Exactly as they stand, repeat the lines from the one containing "Portuguese colonial tabletop" through the final line of the listing, both ends included, and nothing else; skip the pictures.

SOURCE DATA:

*** Block opens ***

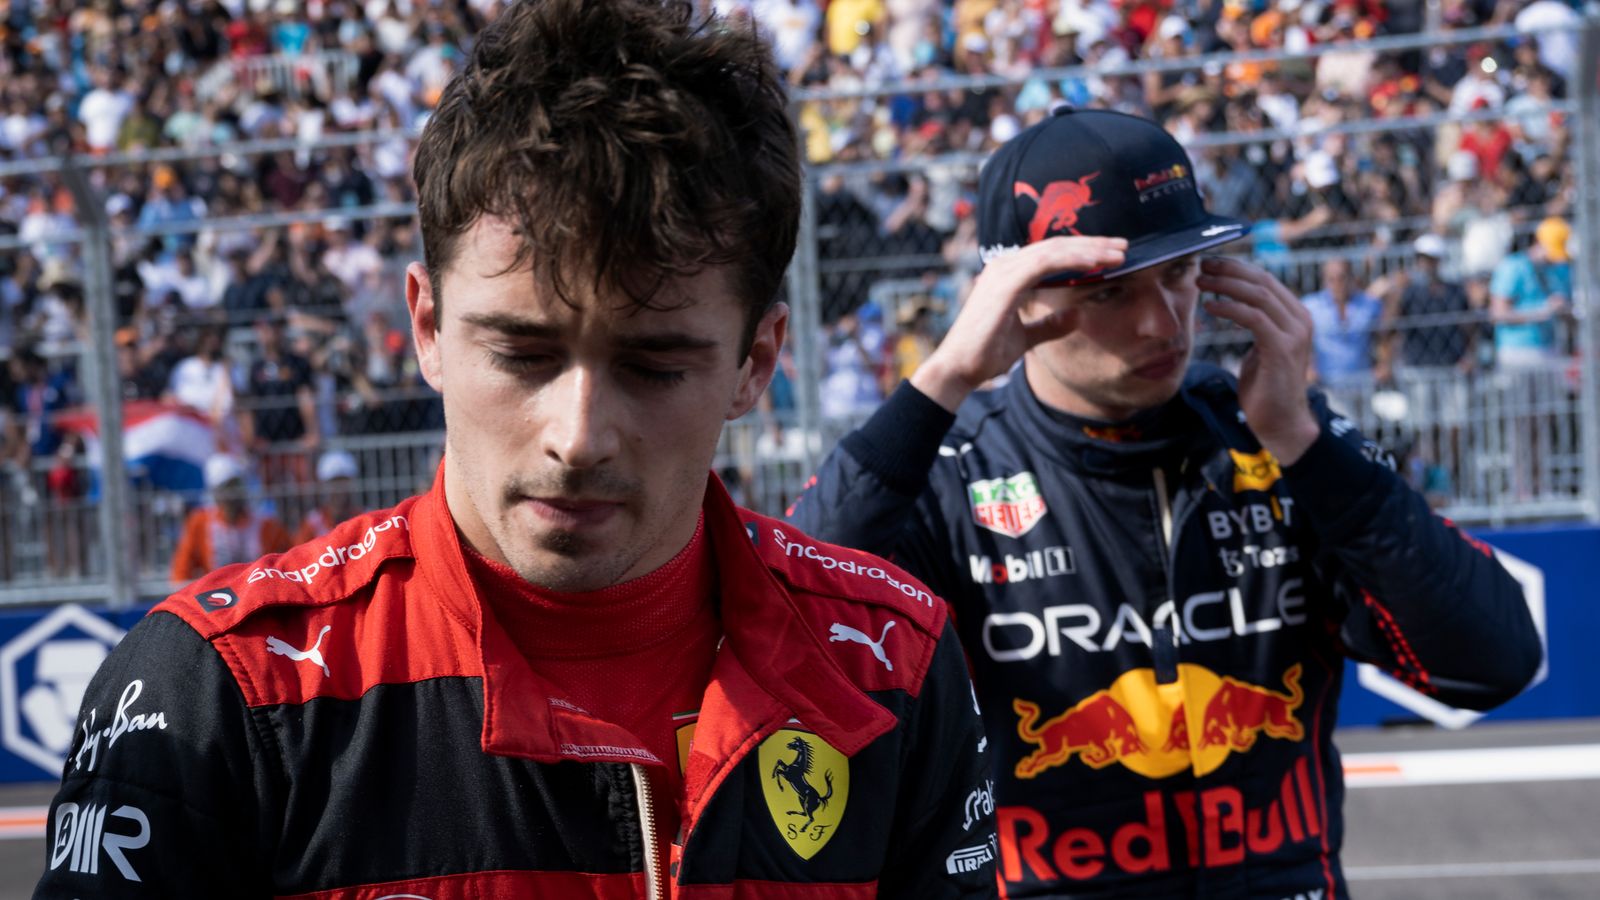 Max Verstappen vs Charles Leclerc: The gripping story and swinging momentum of F1’s new title duel
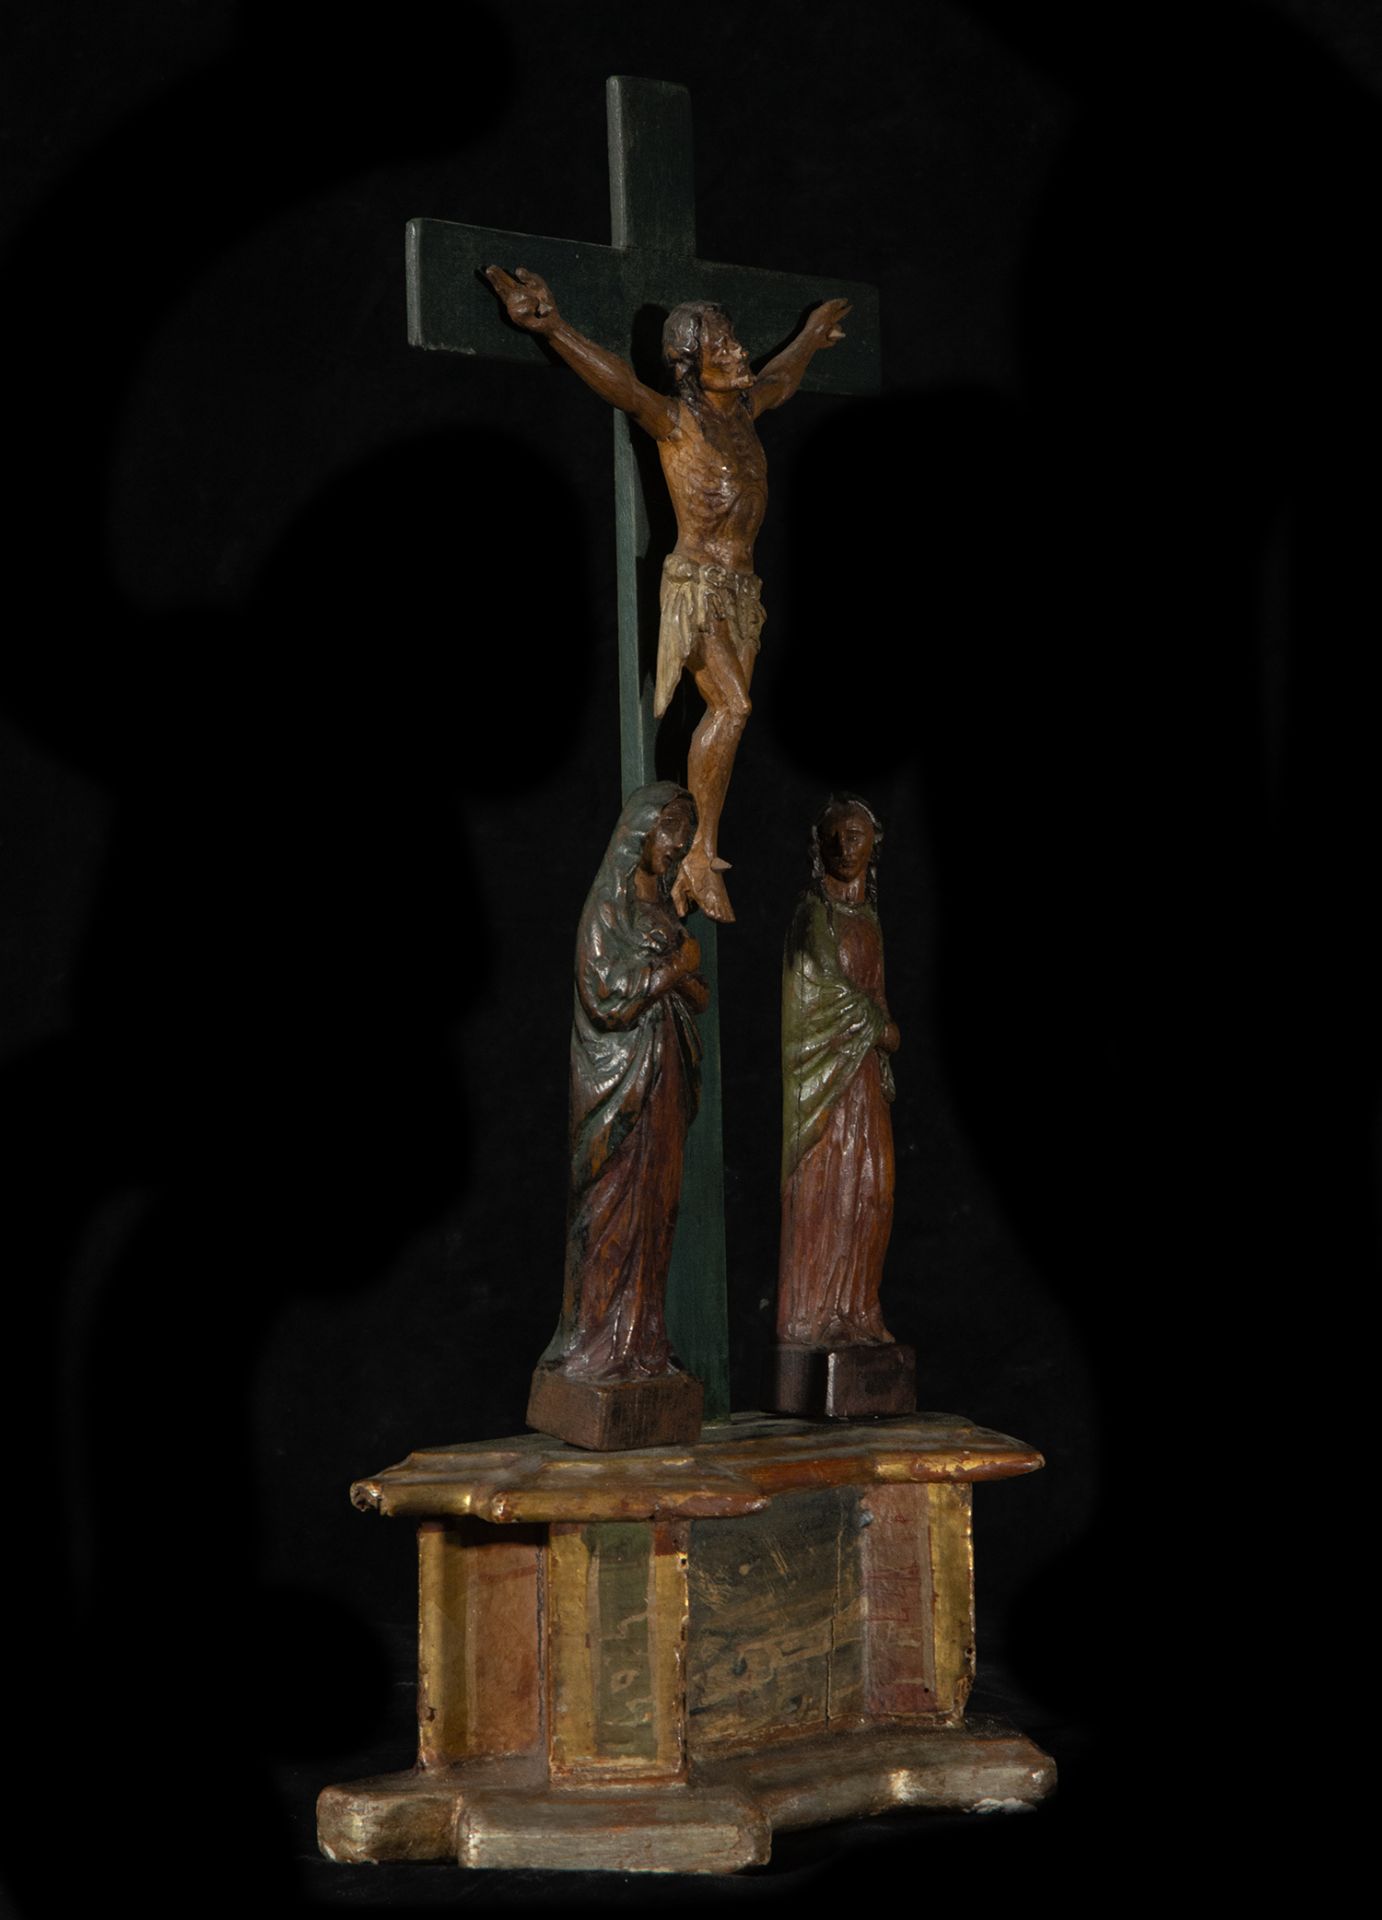 Portuguese colonial tabletop Calvary from the 16th - 17th centuries, Goa, in Teak wood - Image 5 of 6
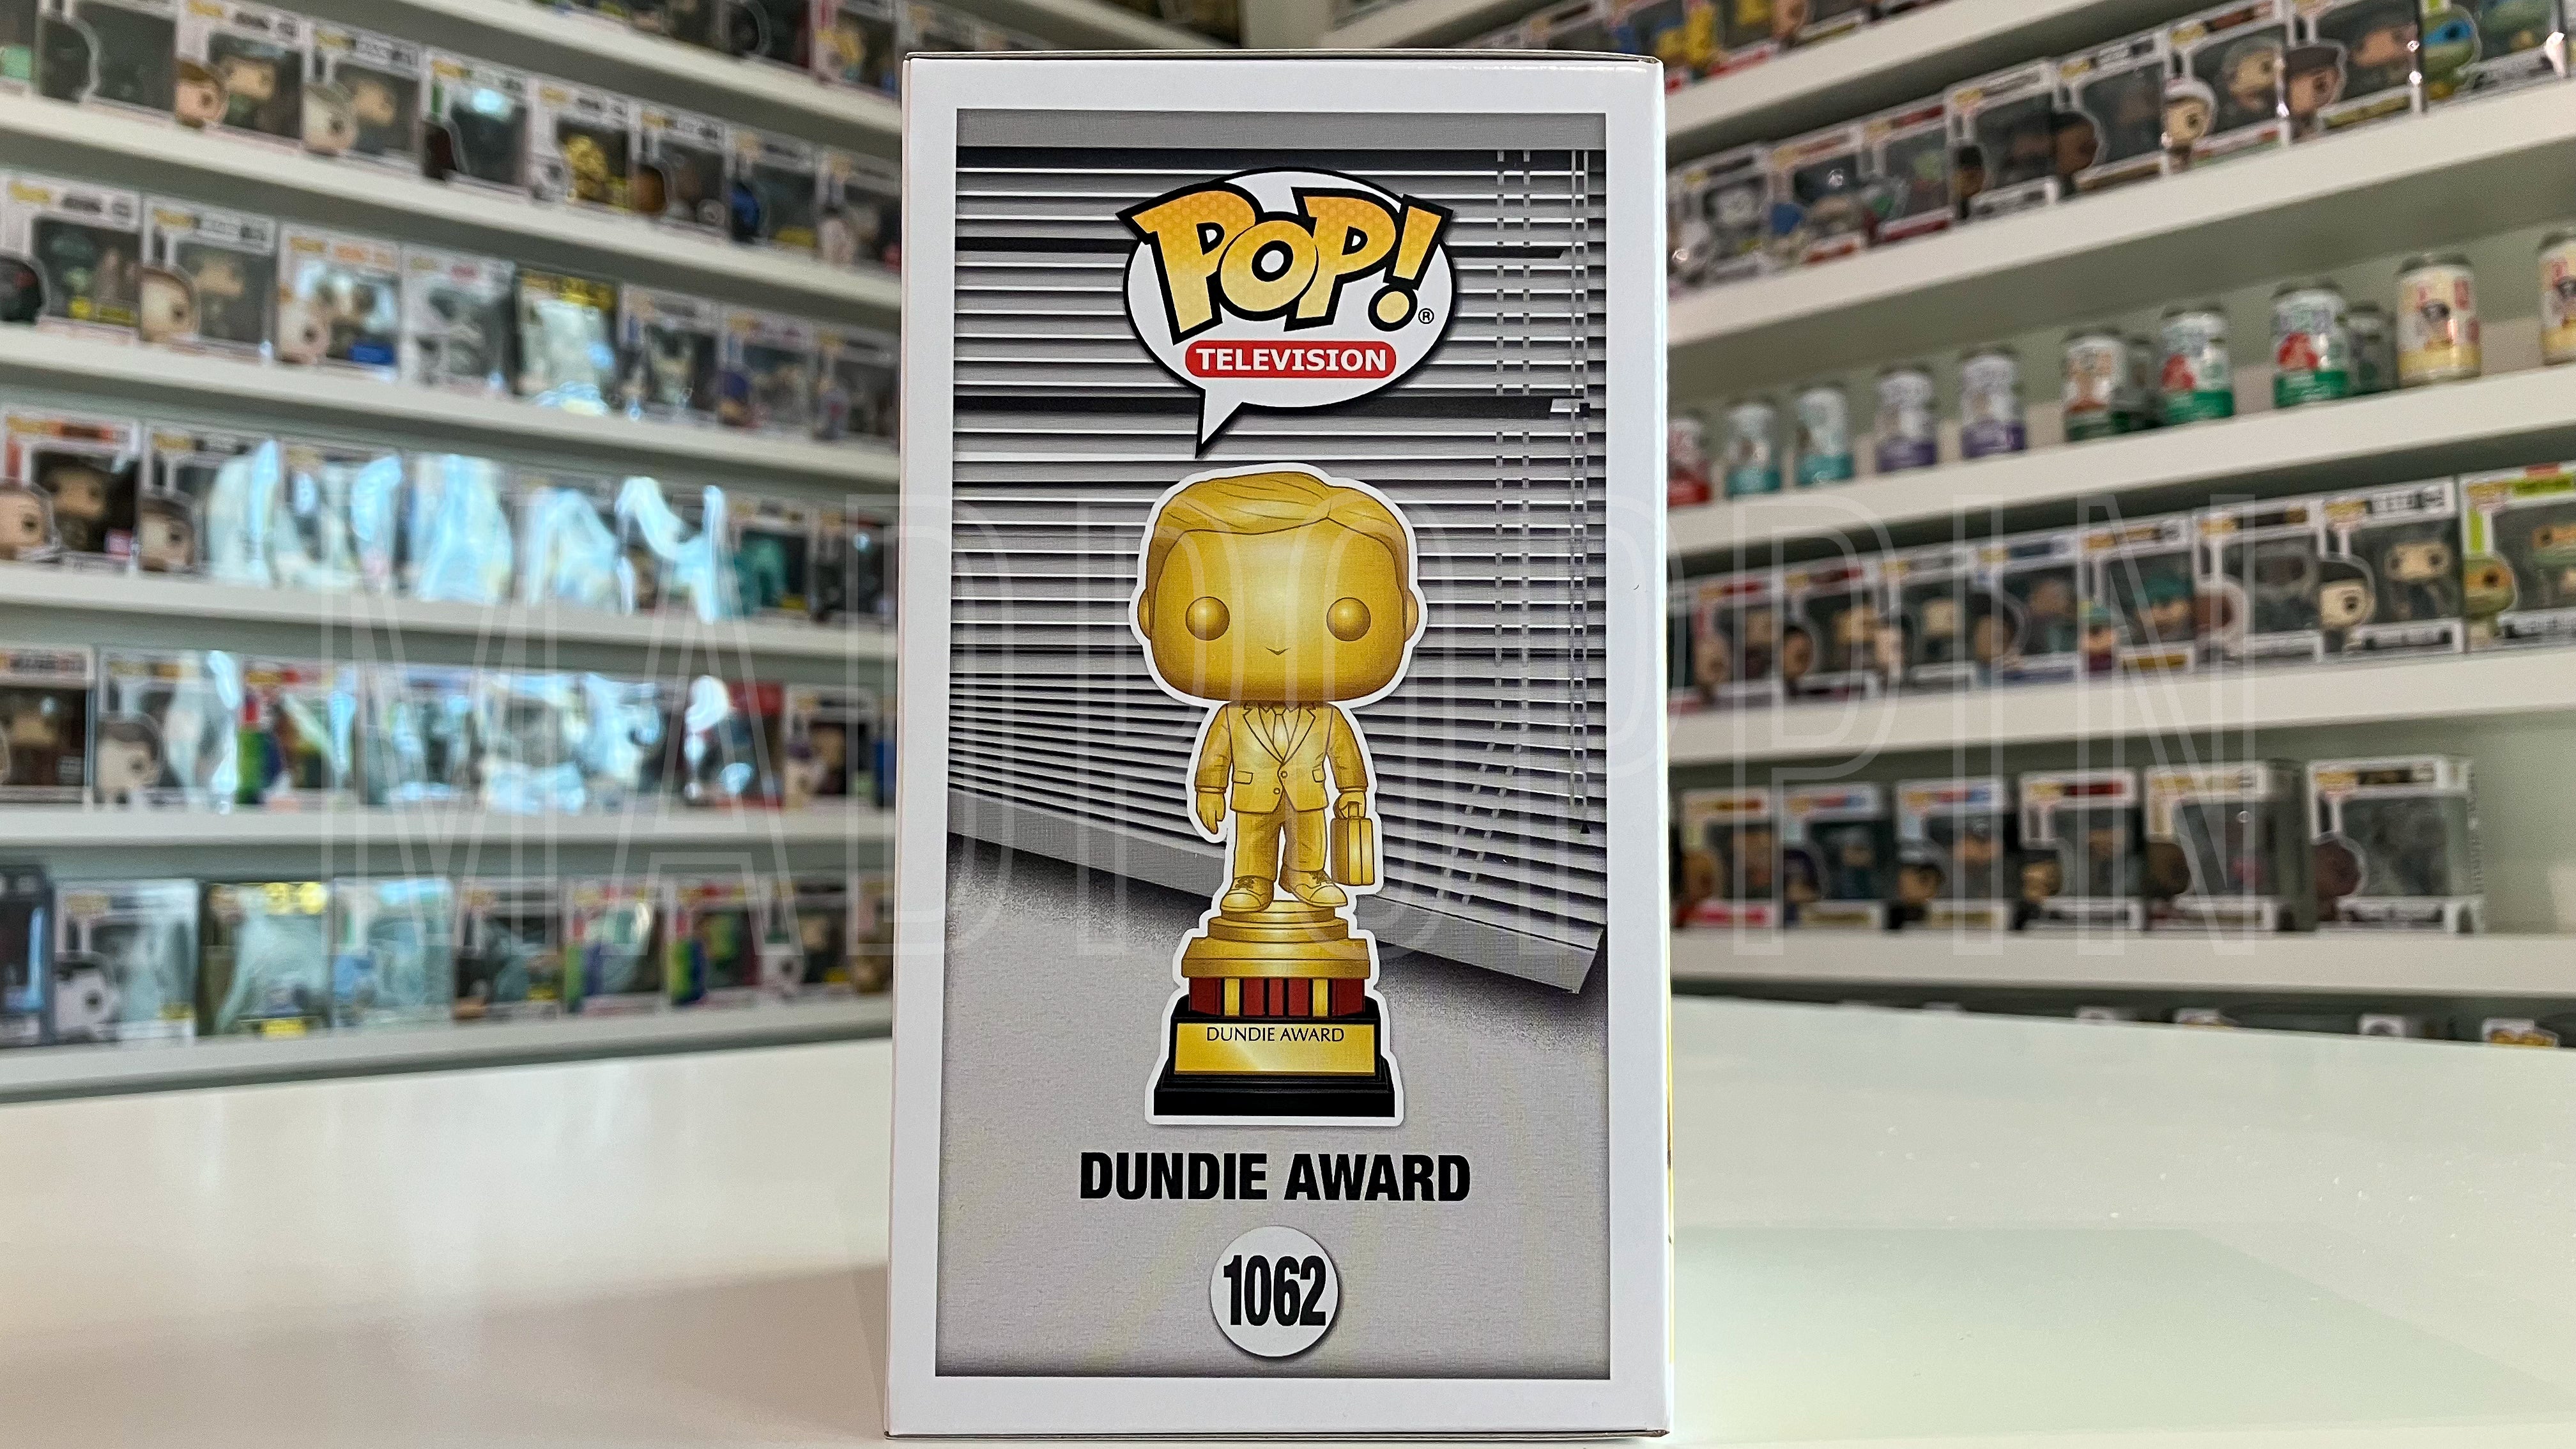 Funko Pop Tv The Office Dundie Award Gold Chrome Amazon Exclusive 1062

*** Block closes ***

ANSWER SPACE:
 Portuguese colonial tabletop Calvary from the 16th - 17th centuries, Goa, in Teak wood - Image 5 of 6
 Funko Pop Tv The Office Dundie Award Gold Chrome Amazon Exclusive 1062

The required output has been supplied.